# Mattlures Minnows are out!



## SMDave (Dec 4, 2007)

Just letting you guys know, Mattlures minnows are now in stock! https://www.tacklewarehouse.com/descpageSWMMATT-MLSD.html# They look crazy :shock:


----------



## jkbirocz (Dec 4, 2007)

Those look awesome. They look like a much more realistic yamma swim senko. They look like they would swim much more stable than the swim senkos do. Everytime I used a swim senko t-rigged weightless, it just spun constantly and looked horrible. I may have to get some of the golden shiner color, I know lake filled with golden shiners  and bass and pickerel


----------



## SMDave (Dec 4, 2007)

Fishin NJ said:


> They look good just seem a little high on the price $9.99 for a three pack, seems a little stiff for 3 soft baits


Try to look for another swimbait with that much detail for that price! Looking at his other baits may change your mind https://mattlures.com/products.htm. He is a member of another forum I am a member of which is how I found out about him. 

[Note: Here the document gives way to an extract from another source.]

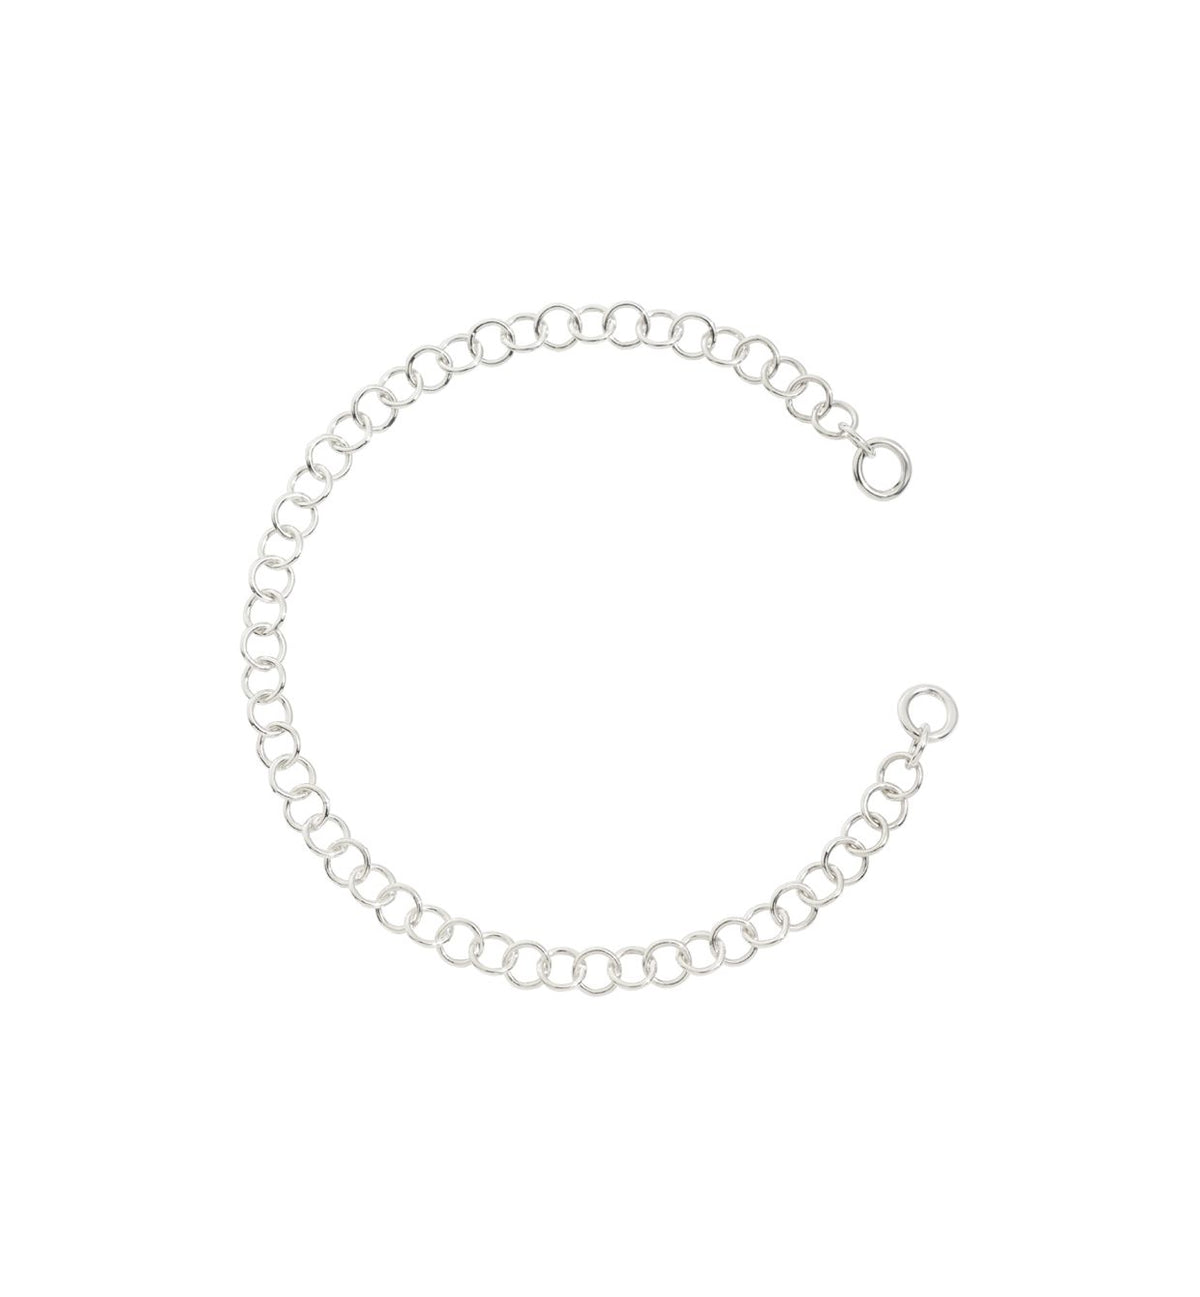 DoDo Lightweight Chain Bracelet in Silver - Orsini Jewellers NZ

Oh and Jim (and others), I hope I'm not spamming :shock:
Here is some additional info: https://tackletour.com/video/ttvmattlurespreview.wmv


----------



## little anth (Dec 4, 2007)

wow those both look sweet the mattlures bluegils look like the storm ones


----------



## BensalemAngler (Dec 5, 2007)

God they look great.


----------



## Jim (Dec 5, 2007)

SMDave said:


> Fishin NJ said:
> 
> 
> > They look good just seem a little high on the price $9.99 for a three pack, seems a little stiff for 3 soft baits
> ...




Nope, Posting other forums does not bother me at all. It would bother me if a member was new and did it in there first couple of posts.


----------



## Jim (Dec 5, 2007)

Ask JustfishN about the Matlures Ultimate Bluegill. She won one in our first ever Tournament this year.


----------



## Bryan_VA (Dec 5, 2007)

I own several Mattlures swimbaits and they're excellent lures. I'll probably try those new ones at some point too. Best thing about ML baits is that you don't need a super heavy swimbait rod/reel to use them, a flippin stick works fine.


----------